Review: Five Online Backup Services Keep Your Data Safe
If you know you need to back up your data, but keep putting it off, one of these online services may help you keep your backups up-to-date.
eSureIT is for moderately experienced to advanced users, since it includes the ability to perform direct backups for Exchange, SQL Server, and mapped drives (within some of the pricing plans). This puts it roughly on the same level as iBackup -- while the higher-end pricing plans will be useful for those who can afford them, the low-end plan is also more expensive than many of the other services profiled here. eSureIT also runs on just about every extant version of Windows, too: everything from Windows 98 and NT 4.0 through Vista.
eSureIT gives you a lot of control over the way files are handled, such as being able to delete files according to specific rules. (Click image to enlarge.)
The backup plans for eSureIT come in two tiers, home and business. The business end is a little more cost-effective. Home plans go from $10 to $20 and 1GB to 4GB of storage a month, and include automatic backups for common document types. Business plans go from $25 to $200 and 5GB to 50GB a month, and also let you perform backups of SQL Server and Exchange repositories. There’s also a referral program: if you recommend the company to someone else and they buy service, you can get a month’s backup for free as incentive.
When you set up eSureIt on your PC, you’ll be asked to create an encryption key, which consists of a 48-character alphanumeric string. This can be anything you want (although spaces and punctuation are not allowed), or you can just let the program randomly generate a key for you. As with the other backup programs that let you use your own encryption key, you’re also given the option to back the key up somewhere before you start encrypting anything with it. Lose the key and your backups are unrecoverable, so be careful.

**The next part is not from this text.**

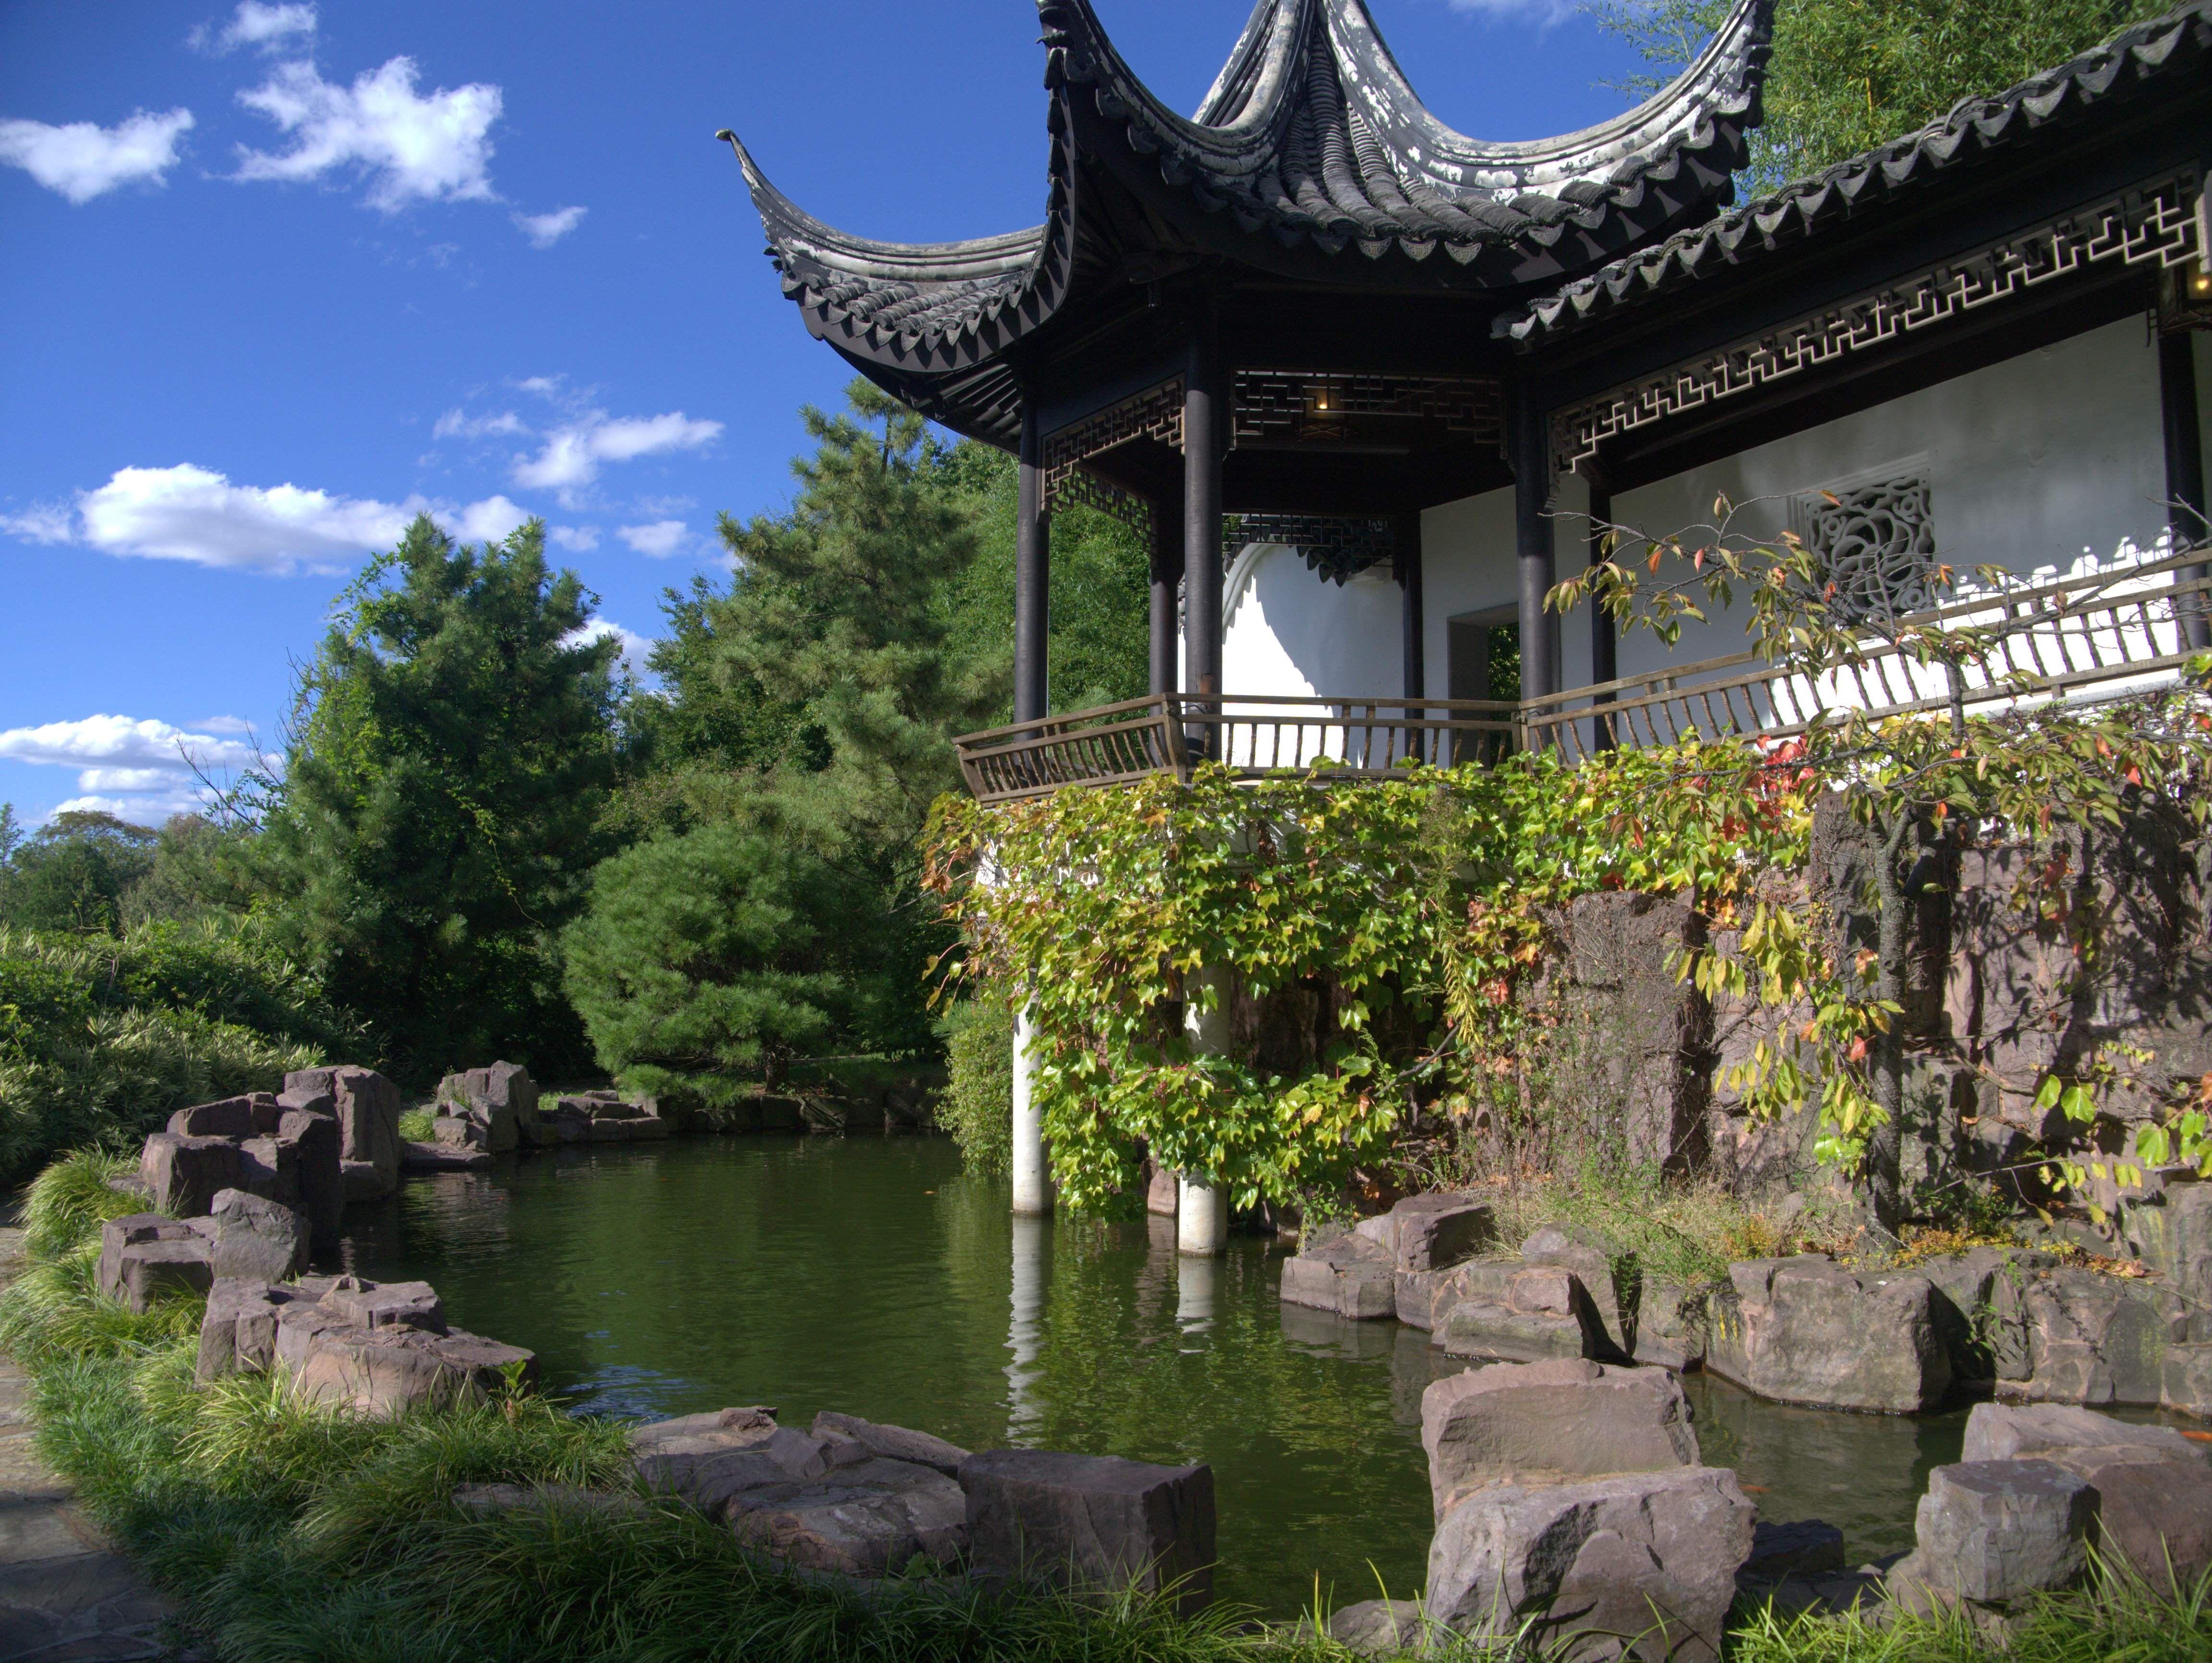 Chinese scholars garden staten island new york city pinterest staten island snug harbor for New york chinese scholar s garden

eSureIt lets you configure multiple backup sets, each with its own choice of file types or directories, and scheduling. Backup sets can be cloned or edited (and, of course, deleted), and even if a backup is set to run on a schedule, you can always run it on-demand. You’re automatically notified about finished backups in e-mail, but you can always turn that function off through the program’s monitoring options.
There are several ways to restore backed-up data. The easiest is just to explore the backup repository (by directory and file or by backup set), which you can do through the eSureIT client. Another option, Recover Catalog, lets you download a catalog of the backed-up files from the remote server so you can perform a restore operation on another computer. Backed-up data can also be sent back to you on CD, DVD, or even an external hard drive, depending on the amount to be restored.
If you want to delete files from the backup server, you can do that one of two ways: selectively, by exploring a directory tree and removing files manually; or collectively, by checking off a backup set and deleting everything associated with it. I liked how the delete function also allowed for some pretty fine-grained actions, such as being able to delete all files older than a certain date, or by revision.
The eSureIT client also has a plug-in architecture, but right now only two plug-ins are available: one to unlock Outlook PSTs and back them up on the fly, and another to perform actions before and after backups. A "Revision Rules" plug-in comes preinstalled, which allows you to remove old revisions of backed-up files based on user-created rules -- for instance, you can remove the x oldest revision of a document (the default is 10). This particular plug-in is pretty handy since while you don’t have an unlimited amount of backup space, you can backup an unlimited number of revisions for any given file.
eSureIT Intronis, LLC
www. intronis.com Price: 1GB for $9.95 monthly; other plans available.
Summary: A professional-level service with support for Exchange and SQL Server backups, eSureIT also has very fine-grained control over handling backed-up files.